Eso fue sólo al principio,
cuando todavía la perspectiva no existía,
cuando todo el encuadre parecía plano,
como siempre,
e inocente y sometido al juego de los dados.
¡Pero no, esta vez no era así!
La meditación del Castor había fructificado en una gran cosecha.
No hay mejor abono de la tierra que el Mal,
porque la sangre es el fluido que arrastra todo lo culpable.
Y la culpabilidad es el mejor nutriente de la tierra
que cultivan los hombres.
Con sangre el futuro crece como una fronda.
Con sangre la tierra se desentumece en un feliz baile
que manifiesta su ofrenda a lo que viene de la oscuridad.
Con sangre todo adopta ese tono sanguinario
que tanto enaltece la sangre de los hombres.
La tristeza, sin embargo, era huérfana.
No había sido engendrada por la previsión del Castor.
Tan sólo, abierta la mano, había dejado escapar las leyes,
y el río siguió bajando por su cauce, sin reparos.

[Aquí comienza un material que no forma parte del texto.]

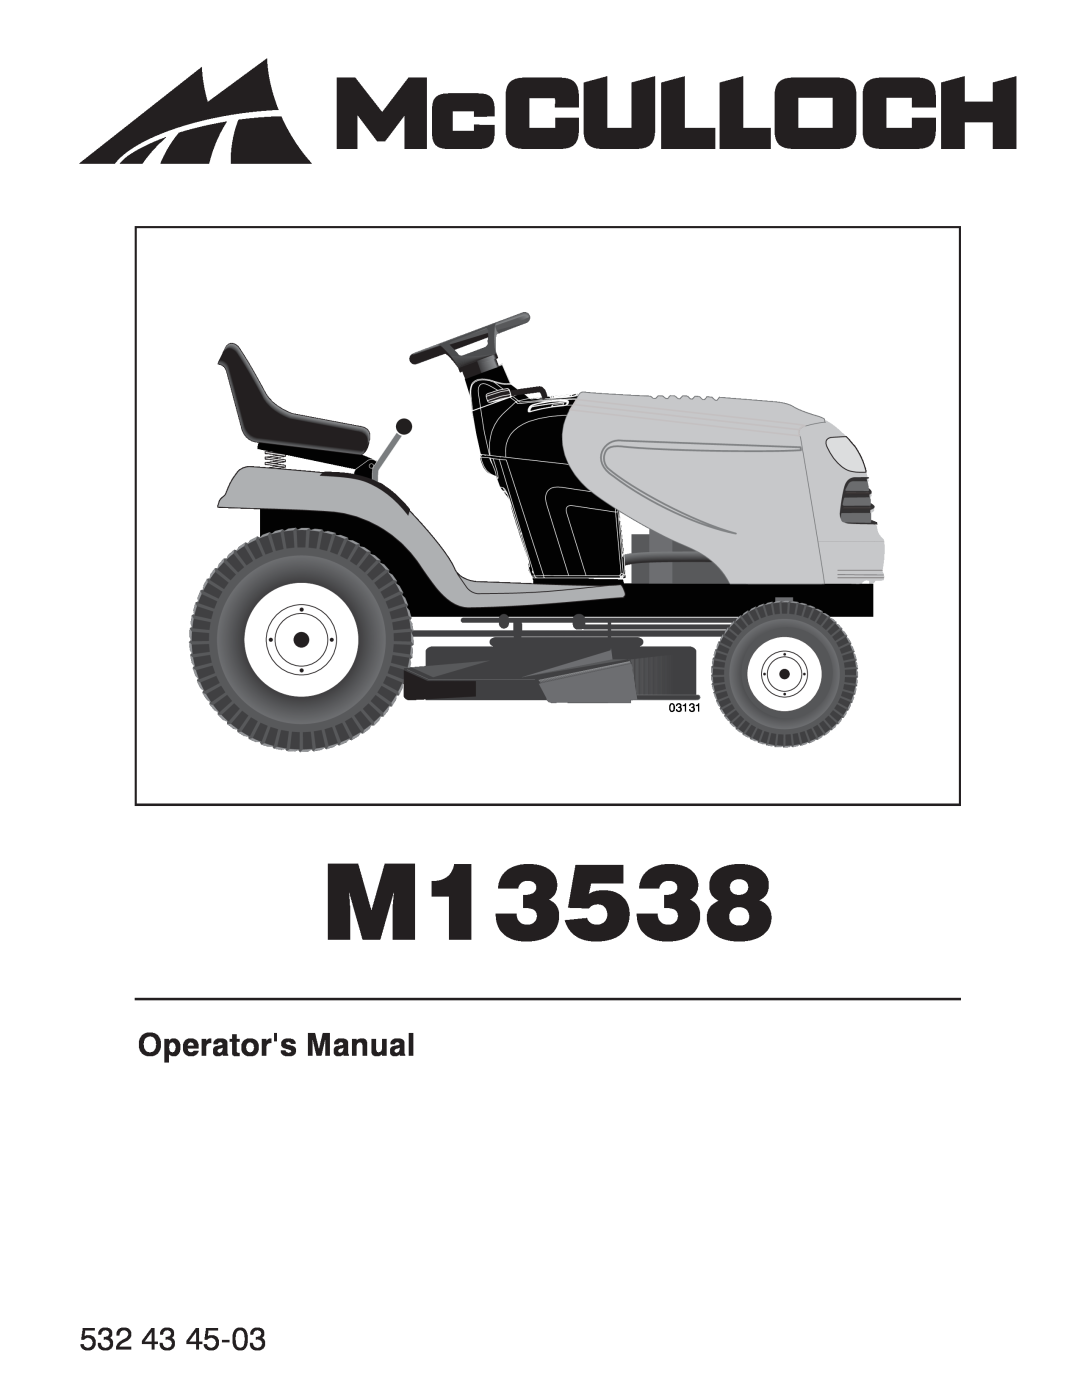 McCulloch 532 43 45-03, 96041017700 manual Operators Manual, M13538, 03131 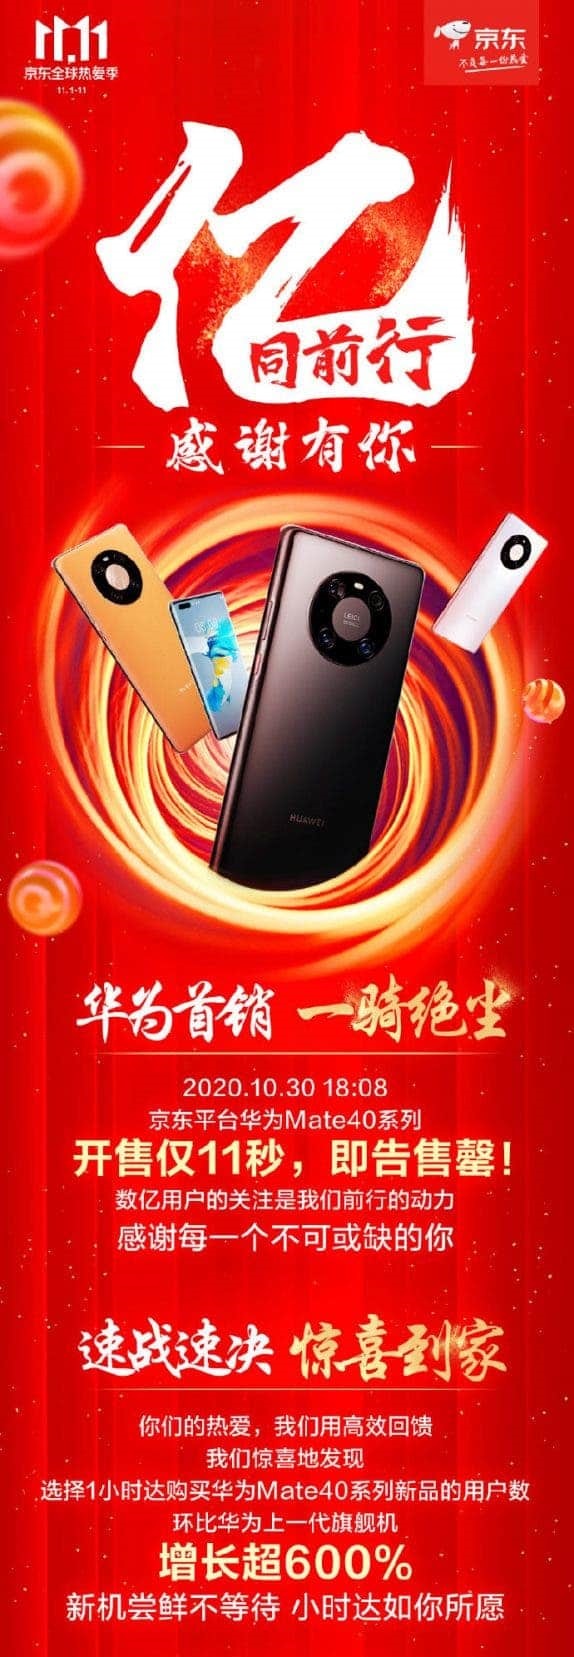 Huawei-Mate-40-22555-scaled.jpg

“¡No hay futuro!” gritaban las bandas de punk rock,
pero lo hacían desde una secreta desesperación
que ni ellas mismas reconocían.
Hijos de los hijos de los campos de concentración,
lo único que les pertenecía era el pasado.
Aun así, la memoria no alcanzaba ni a las trincheras
de la Primera Gran Guerra,
y sus almas se debatían entre los colmillos de las hienas.